A lot of problems we discuss involve ropes and strings. Most of the time, we assume that they are massless, or more precisely, that the mass of a string is much smaller than the other masses in the problem.
As you know from everyday life, if you grab a weight by a string, you feel the full force of weight transmitted through the string. This is illustrated in Figure 1
magnitude of the tension exerted at one end of a massless string is the same as on the other side
Here, with the help of FBD (Free Body Diagram), we will see that the magnitude of the force (i.e. tension) exerted at one end of a massless rope (or string) is the same as on the other side of the rope (or string)
Here we have a person holding a string that’s attached to a weight.
The different colored arrows correspond to the forces acting on different objects.
The red arrows correspond to the forces acting on the weight. The blue corresponds to the forces acting on the string, and the green arrow, the force acting on the hand.
We want to figure out what is force acting on the hand.
So we consider each object separately.
Say, the force exerted by gravity on the weight W.
Call the force applied by the weight on the string FWS.
Similarly, the force applied by the string(tension force) on the weight = FSW.

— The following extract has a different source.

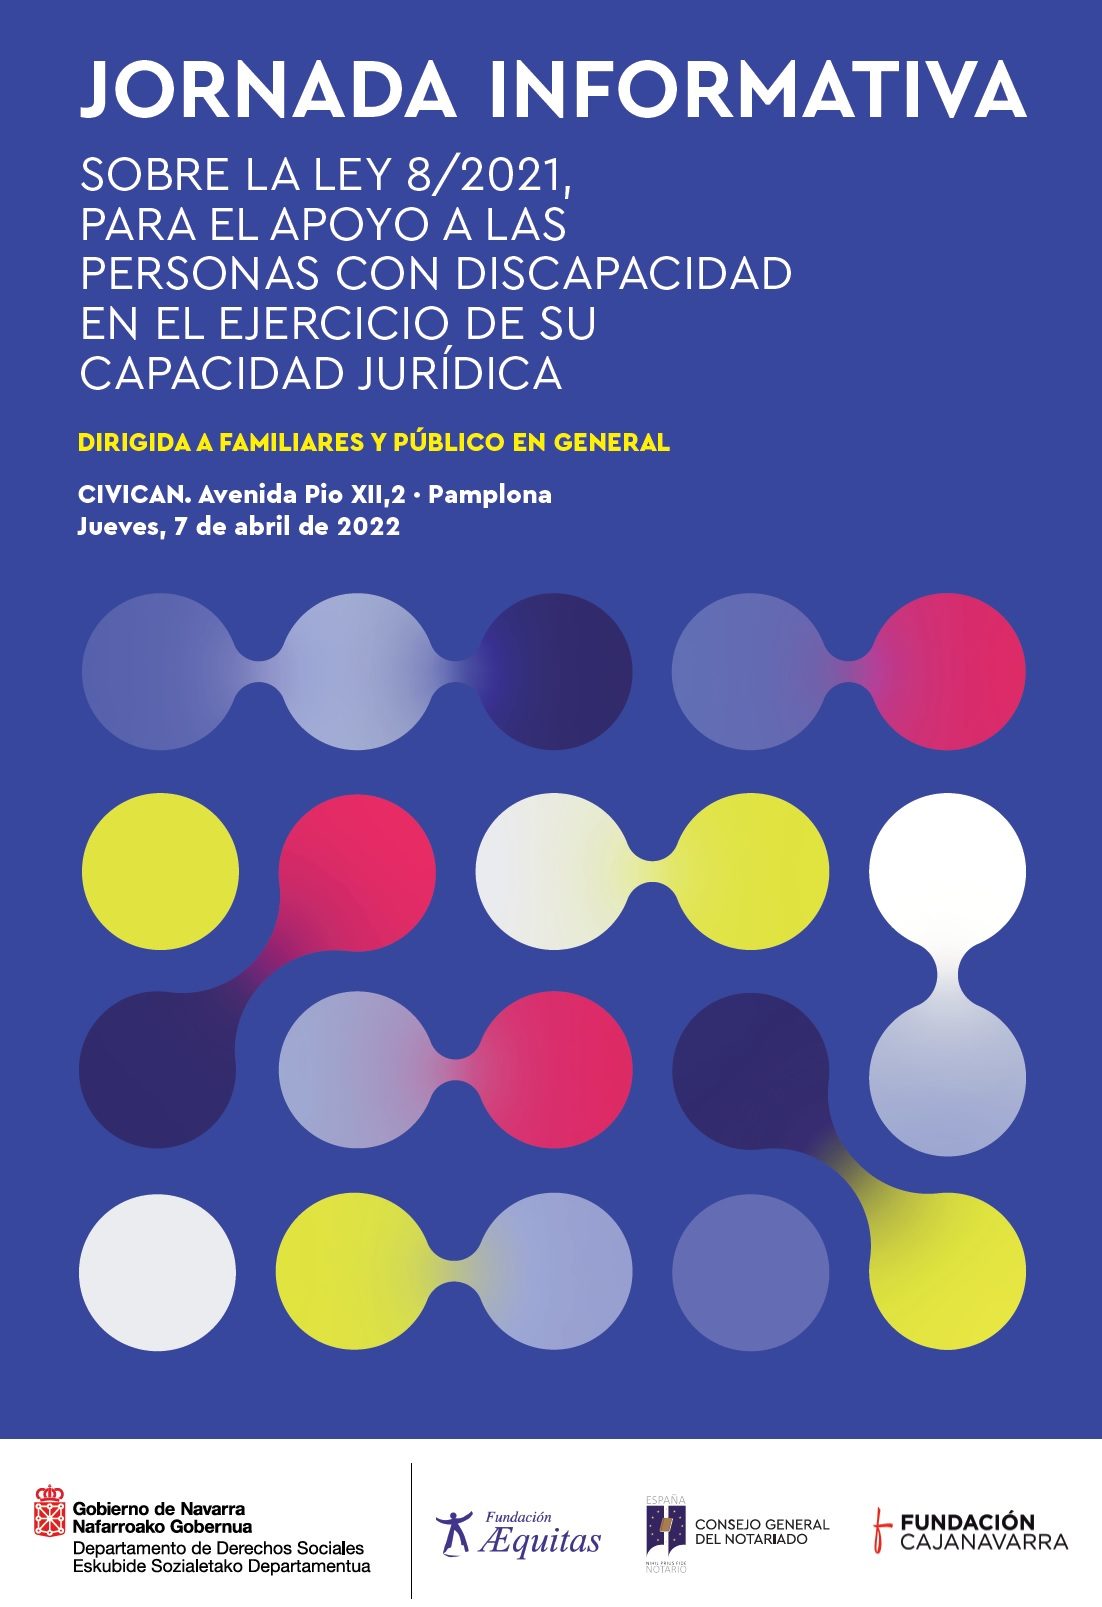 Jornada informativa organizada por el Gobierno de Navarra, sobre la Ley 8/2021. ￼￼￼￼
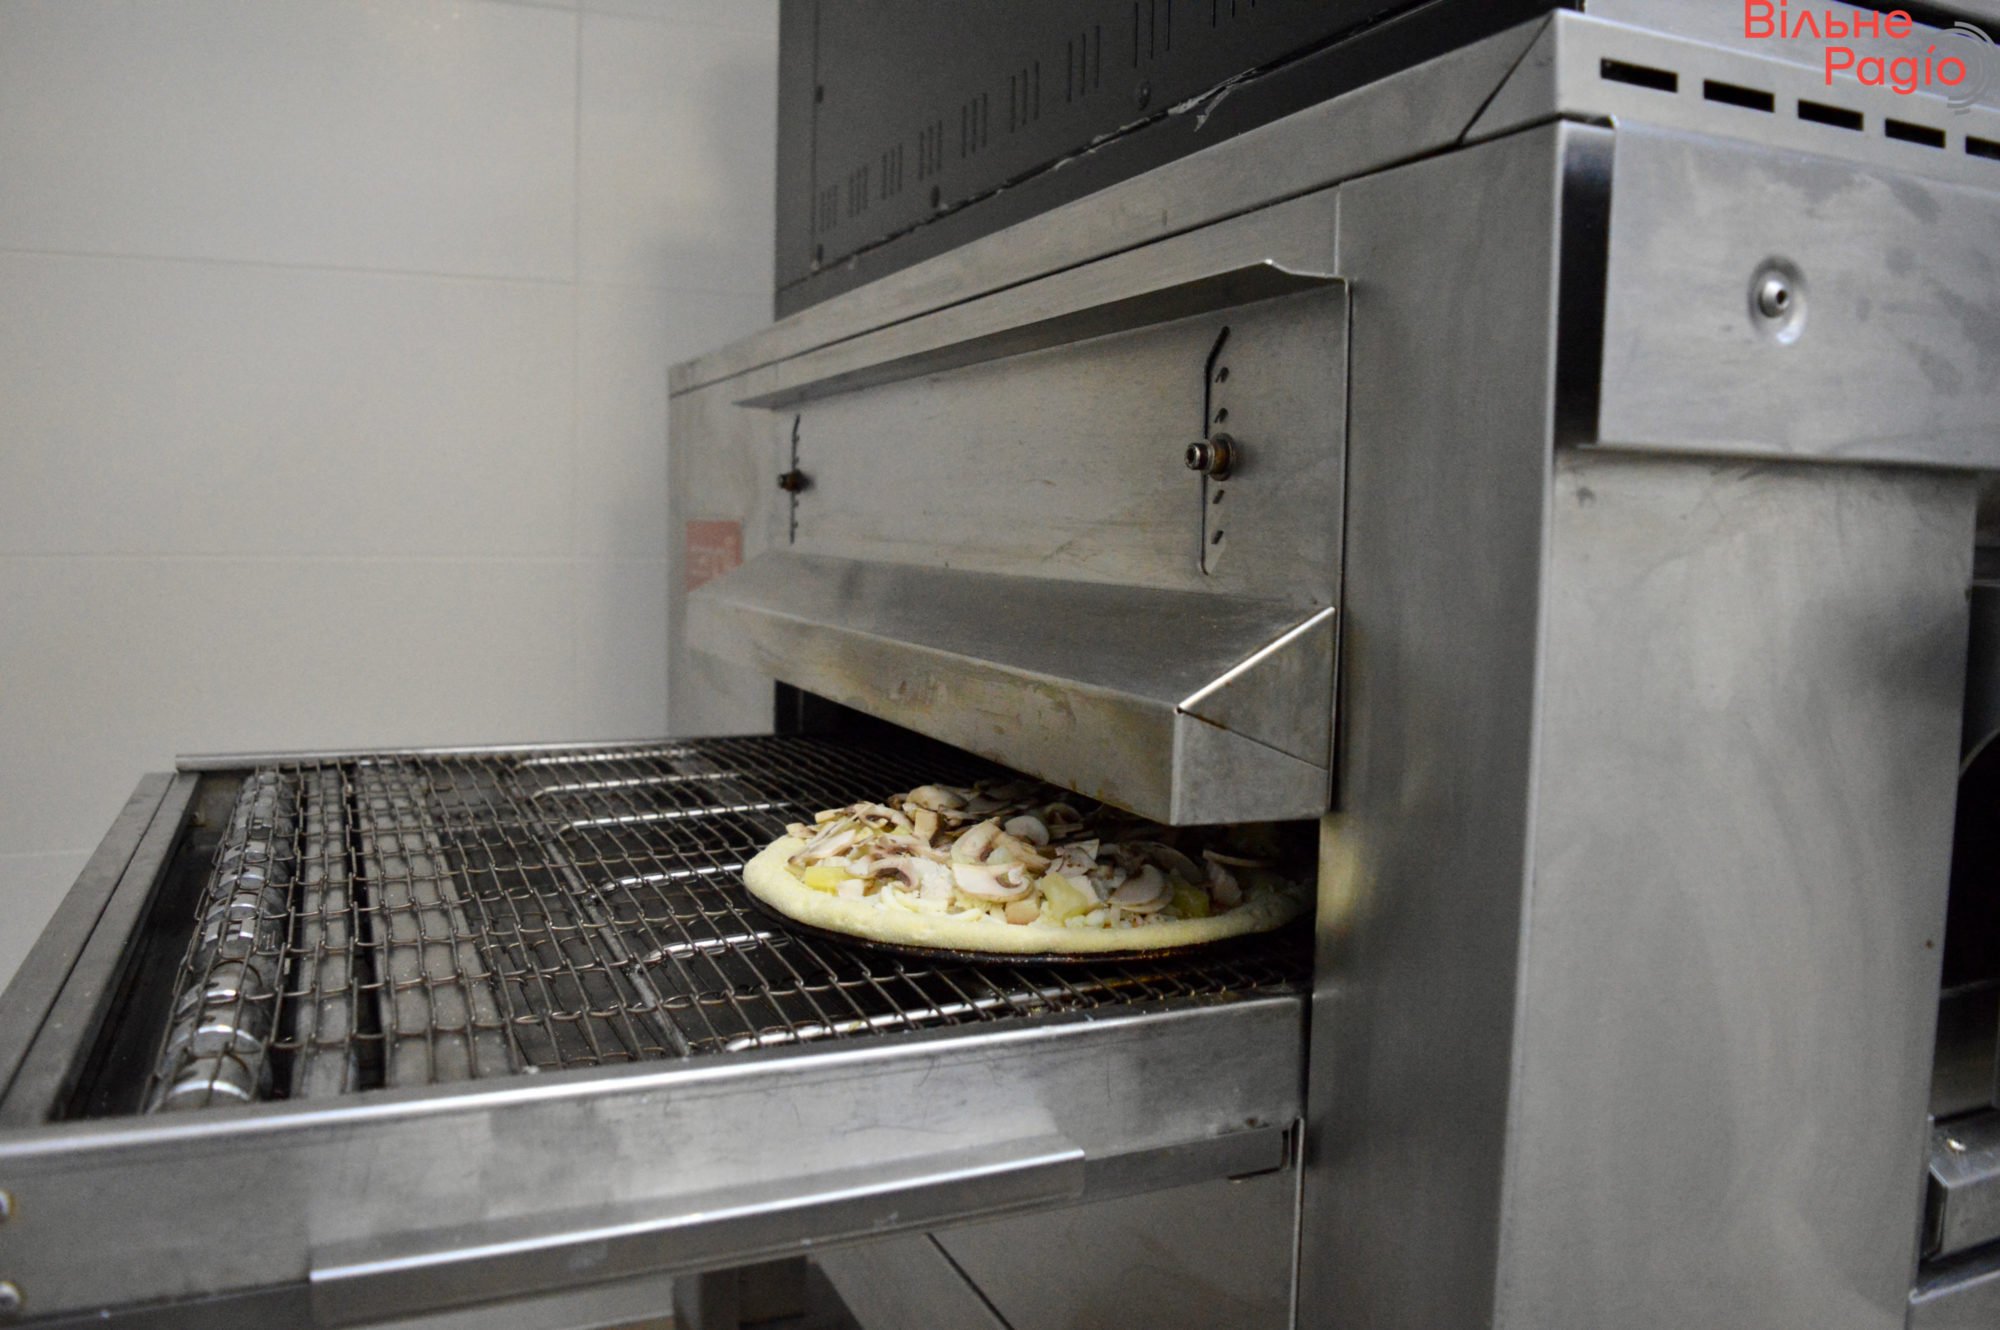 Східна піца у Києві: як працює мережа, яка пекла по 1500 благодійних піц на Донеччині, і витримує тісто по 3 дні (репортаж) 4

And, say the force applied by the weight on the string = FWS
Similarly, the force applied by the string on the weight = FHS
These names are listed in the figure.
Then, Considering the forces acting on the weight and considering zero acceleration of it:
W – Fsw = 0 ……… (1)
W = Fsw ……… (1)
Now, let’s consider the forces acting on the string:
FWS = FHS ……… (2)
From Newton’s 3rd law, we can say:
Fsw = – Fws …… (3)
FHS = – FSH …… (4)
From the above equations, we get
W = Fsw = – Fws = – FHS = – (- FSH ) = FSH
W = FSH ……….(5)
Weight at the bottom end of the string = Tension applied by the string on the hand
As you can see from the above equation, the tension transmits the force of gravity that acts on the weight, to a force acting on the hand. This is a general feature of massless strings and is true even if there is acceleration.
The magnitude of the force (i.e. tension) exerted at one end of a massless rope is the same as on the other side, which can be seen from Equation 5 above.